Настоящее и будущее русской литературы - Андрей Белый 3 стр.


В то время как русская интеллигенция увлекалась чтением Уайльда, Гамсуна, Ибсена, Метерлинка, русские символисты по-новому осветили русскую литературу от Пушкина до Достоевского. В литературных вкусах русской интеллигенции водворился интернациональный адогматизм и индивидуализм. В литературных вкусах русских символистов углубилась старая, тенденциозная, национальная литература.

Западноевропейский индивидуализм в Мережковском и Гиппиус прикоснулся к Достоевскому, в Брюсове прикоснулся к Пушкину и Баратынскому, в Сологубе – к Гоголю, в Ремизове – к Достоевскому и Лескову. Ницше встретился с Достоевским, Бодлер и Верхарн – с Пушкиным (в Блоке), Метерлинк – с Лермонтовым и Вл. Соловьевым, Пшибышевский – с Лесковым (в Ремизове). Беспочвенное декадентство пустило корни в литературную почву народного духа. Оно перекинуло мост от Запада к Востоку. Не эпигоны оказались преемниками заветов лучшего прошлого. Пришли чужие и добровольно взвалили на плечи драгоценное наследство прошлого.

Что же делали в это время эпигоны тенденциозности? Продолжали отказываться от литературной "нечисти" Запада, все время заимствуя у этой "нечисти" литературные краски. Я не стану здесь называть имена тех, кто, экспроприируя форму, и доныне открещивается от экспроприируемых; одной рукой вырывает сорные плевелы в храме литературы, другой рукой украшается этими плевелами: одна рука – не ведает, что творит другая.

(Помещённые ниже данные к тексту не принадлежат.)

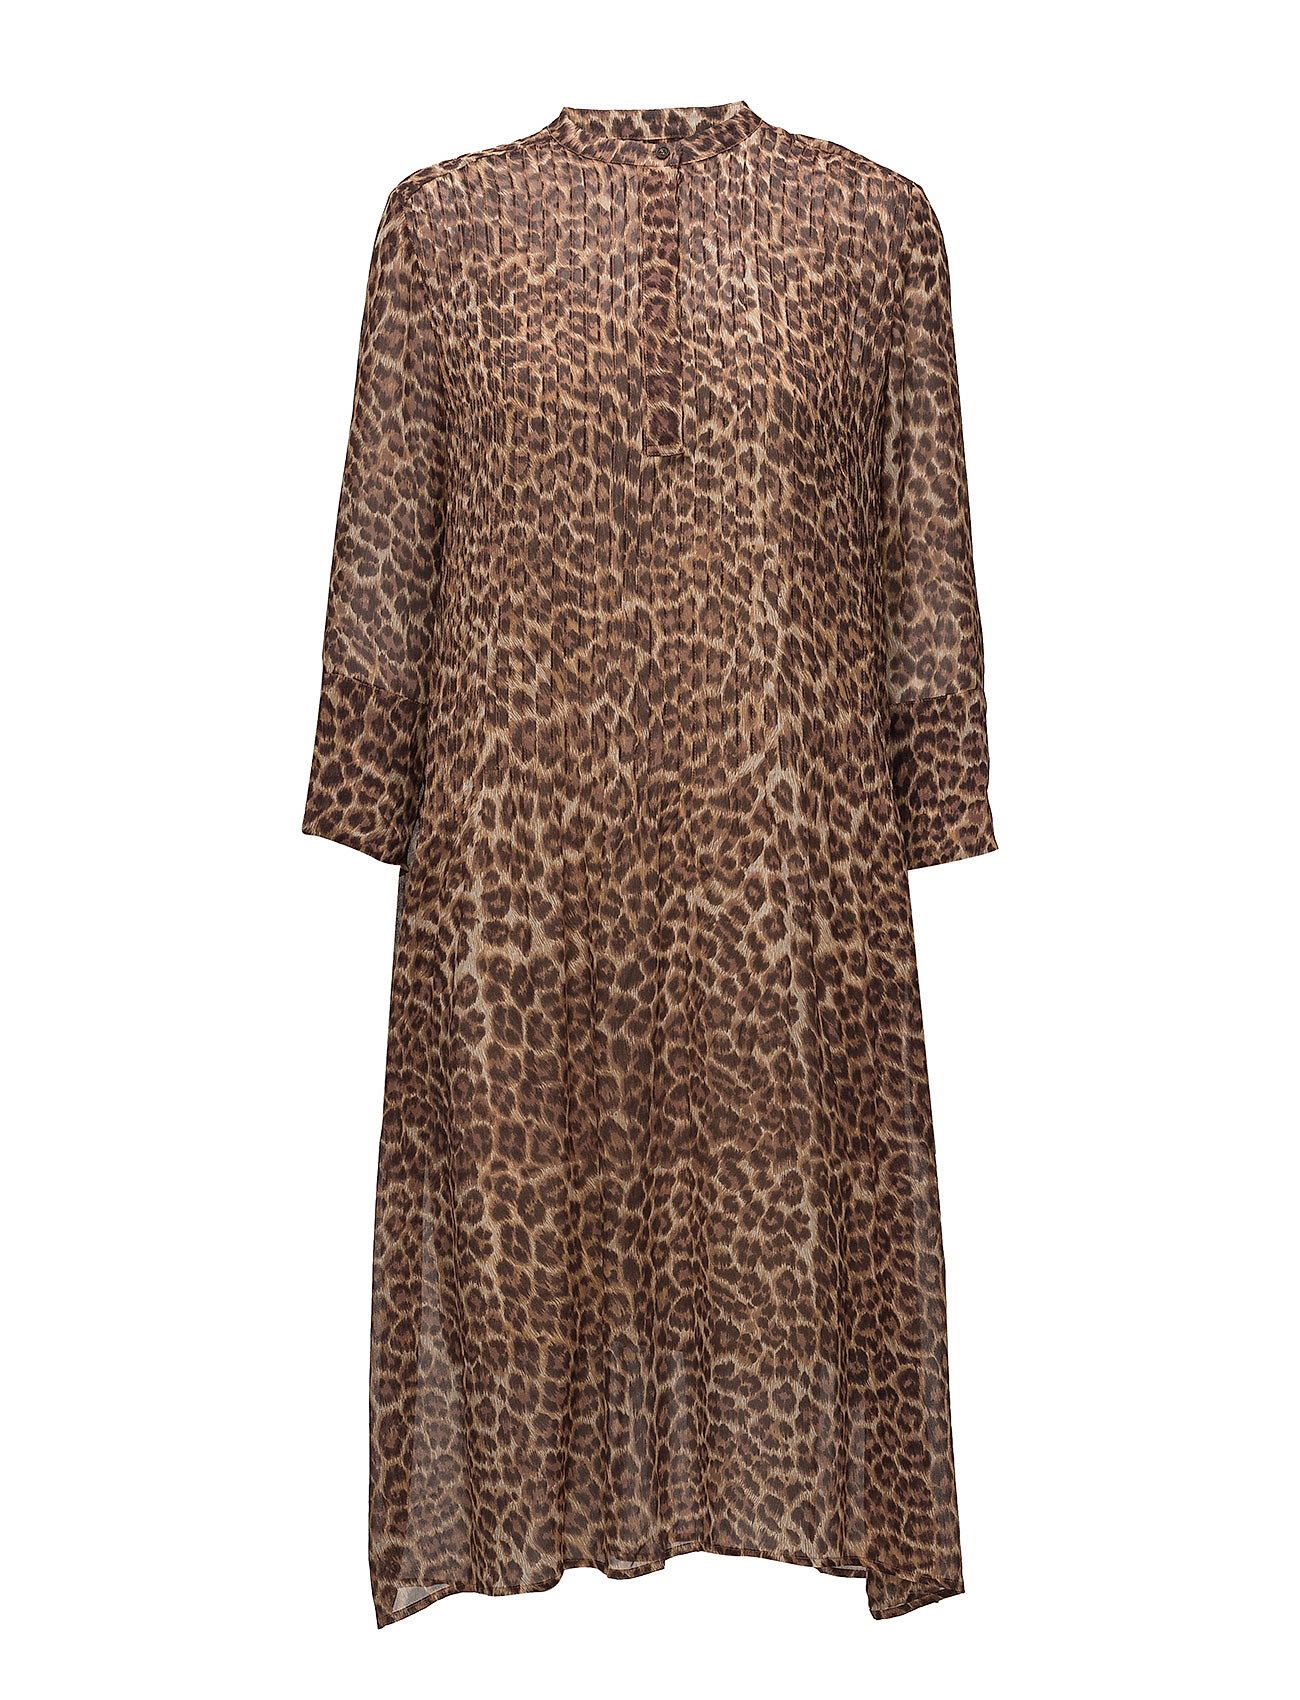 Elm Shirt Dress Aop 9695 (Leopard) (160.30 €) - Samsøe & Samsøe ...

Индивидуализм на Западе вырастал по мере того, как мертвые формы жизни закрепощали личность. Действие равно противодействию: жизнь связывала личность; личность расцветала вне жизни. Смысл слов превратили в ходячие монеты: и смысл слова перелился в музыку. И только на крайних вершинах индивидуализма Ницше понял, что смысл в музыке, в ритме жизни: так возникла религия личности; только эта форма религии на Западе оказалась живой формой.

В России не выпрямлялась личность, не отливалась в формы, но одна форма равно придавила всех: не многообразие форм – единообразие задавило нас. Нас задавила – одна ледяная равнина. У нас – один общий враг. И тайны многих – одно: одинаково втайне перекликаемся мы друг с другом. Ледяная равнина – не жизнь – смерть; не бодрствование – кошмар. Искони нас замучил кошмар Черта: и втайне своей народ – против одного – против Черта. Вот почему между нами, если мы – народ, одна связь, одна религия.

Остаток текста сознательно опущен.